I really do not believe that sexism in the workplace keeps women out of the tech industry. How could it? How could they choose not to study in the STEM fields because of sexism that they have not even experienced? They have not yet stepped into the workplace before they choose not to enter it. No, something is stopping women from even attempting to pursue the subjects. Our gender expectations are inherently sexist, and they are expectations that need to change. We need to start giving our kids equal opportunities to become interested in any given subject, and not let our ancestors and traditional gender roles define our futures.
Perhaps it was because my father never had any sons, or perhaps we can attribute it to his incredibly forward thinking, but while some families had season passes to theme parks, mine had a membership at the Tech Museum. Every weekend, we would go listen to lectures on biotechnology and how entire diseases were being eradicated in different parts of the world because of the incredible technology that people had been devising. My childhood experiences directly impacted my interests and thus led me to my major today.
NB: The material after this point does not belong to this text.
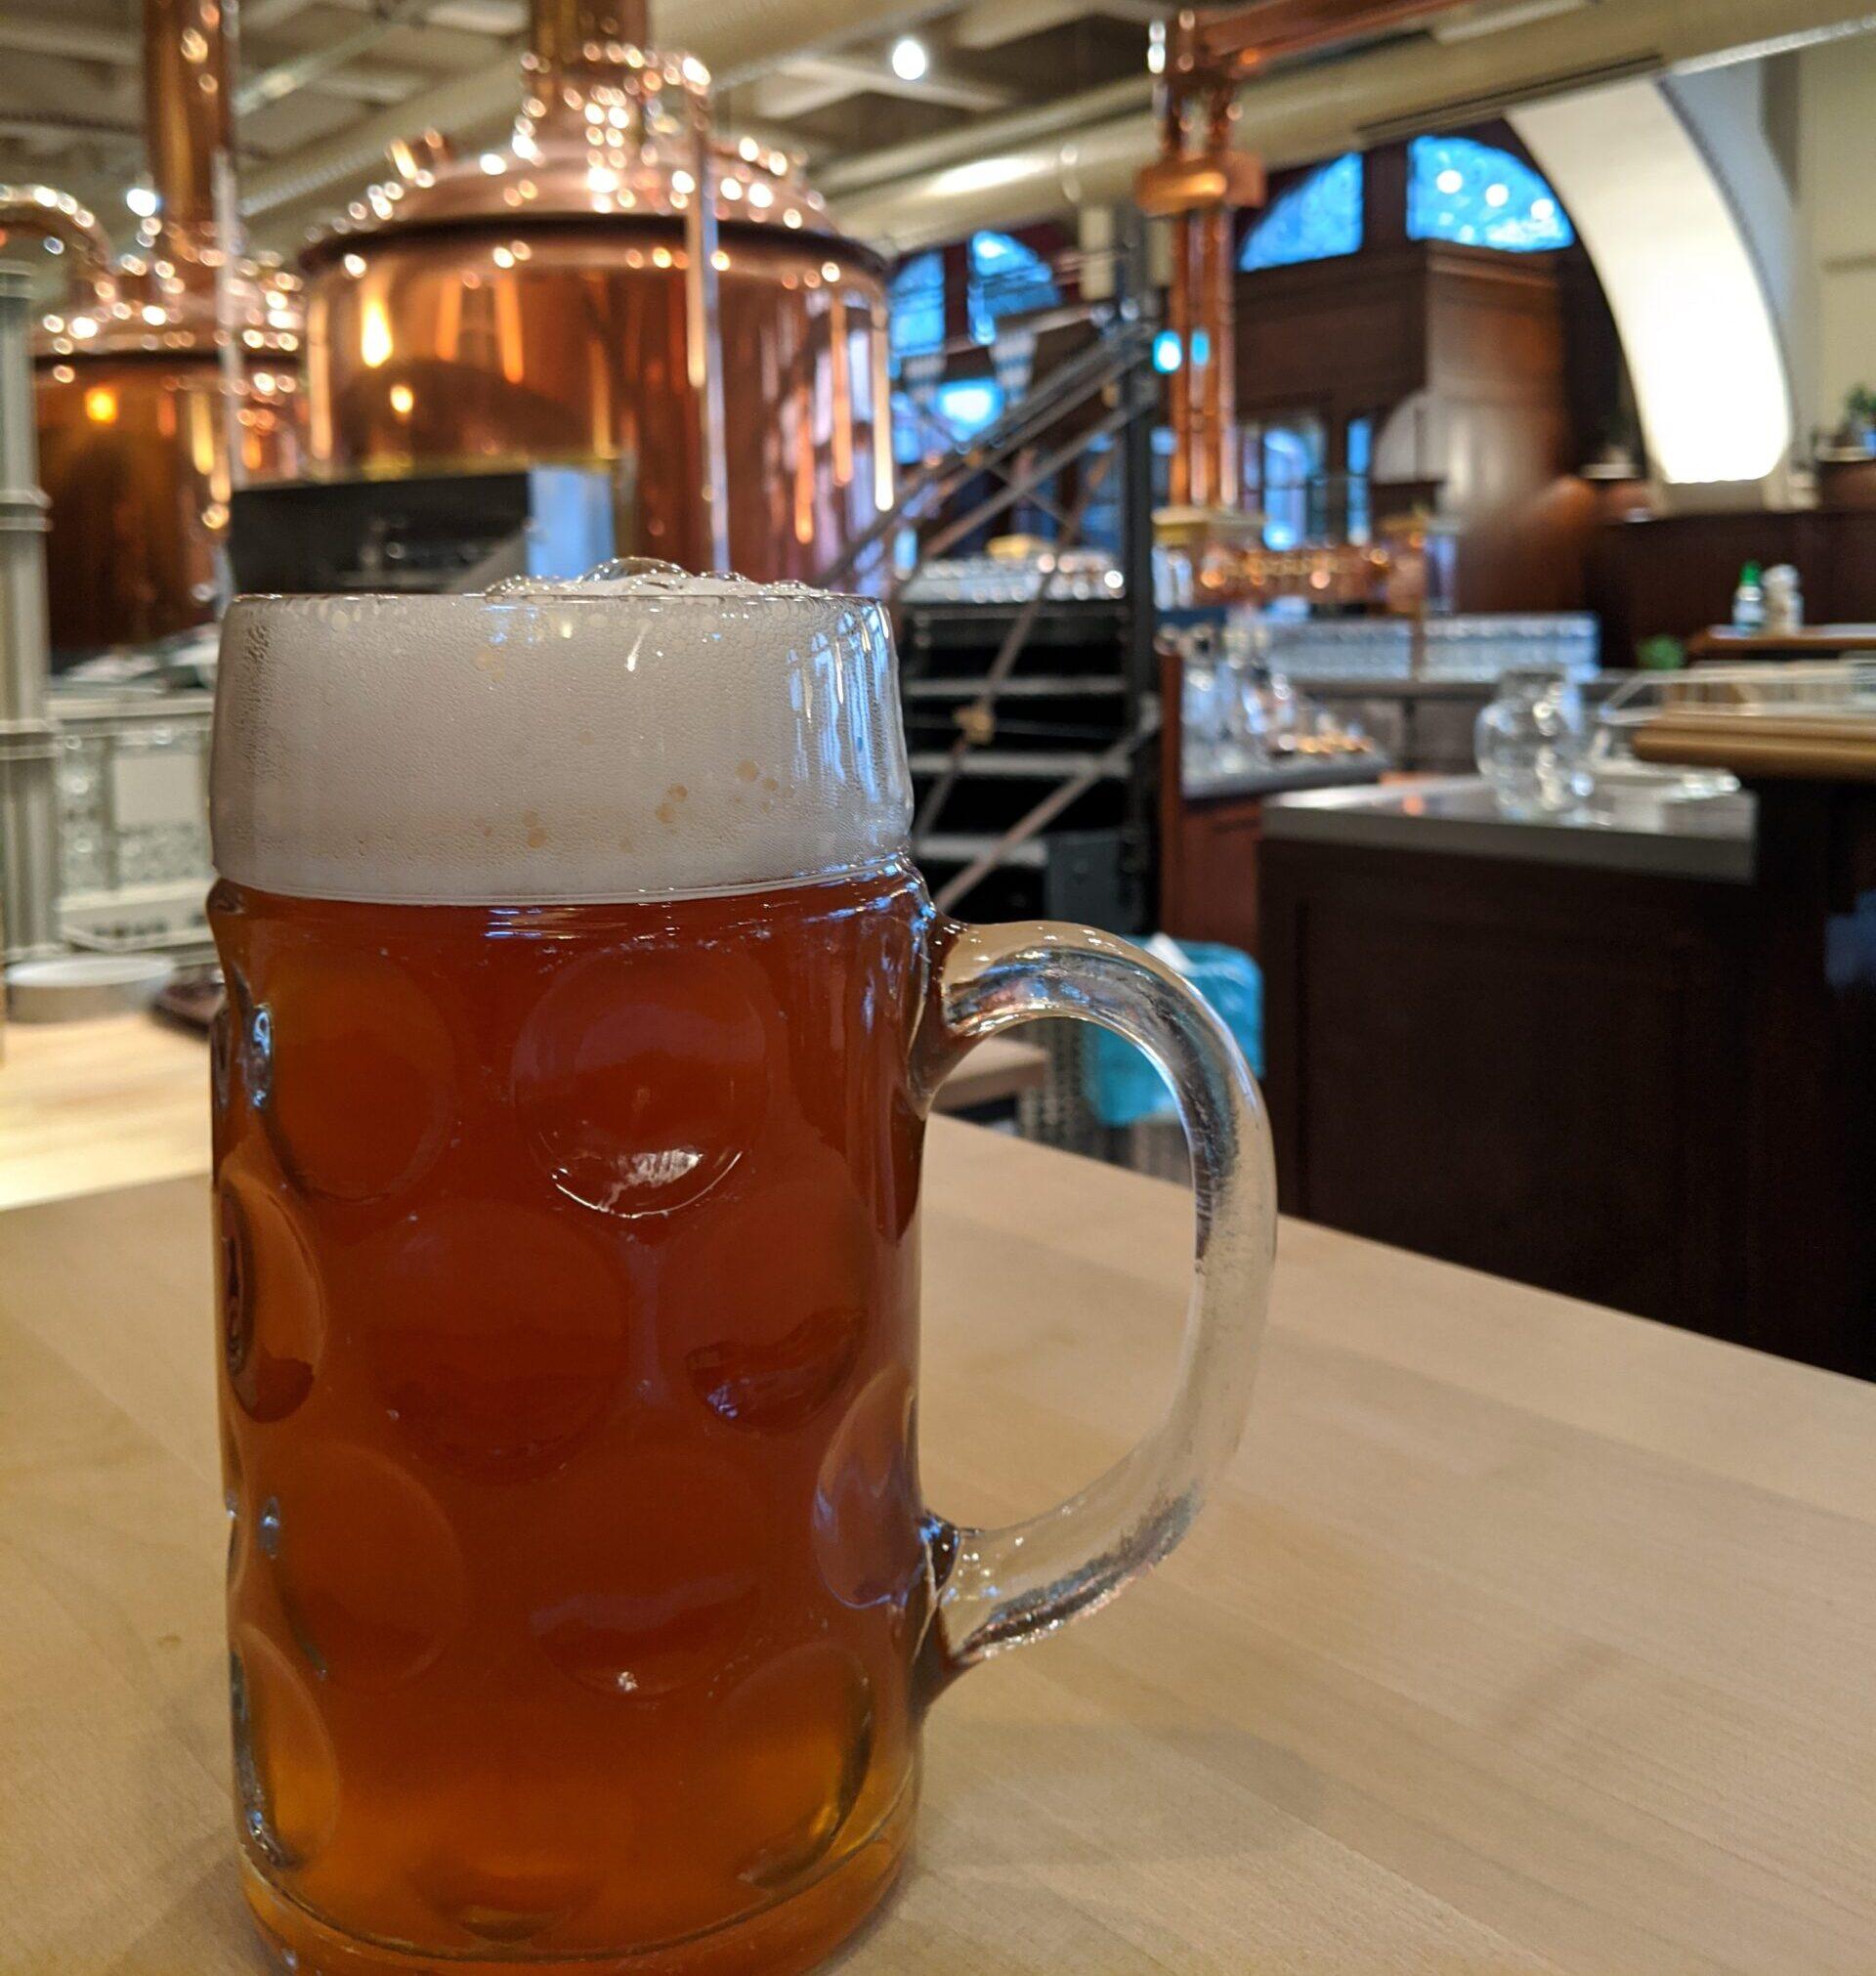 wheat beer german weizen beer

All that mattered was that I became interested in what I was being exposed to, and that is something that women are lacking in this day and age.
Why is it that nobody can pinpoint this flaw in our upbringing? I’ve seen complaints about sexism within the workplace, entire books on how the American school system favors boys, and articles about how math and science are not given importance (care to explain the male engineers then?). But the solution to having more women in tech lies in something so much more simple. It lies in encouragement of young girls to pursue engineering by being creative and not letting traditional gender roles inhibit the changing world and workforce. It starts with our parents. It did for me, anyways.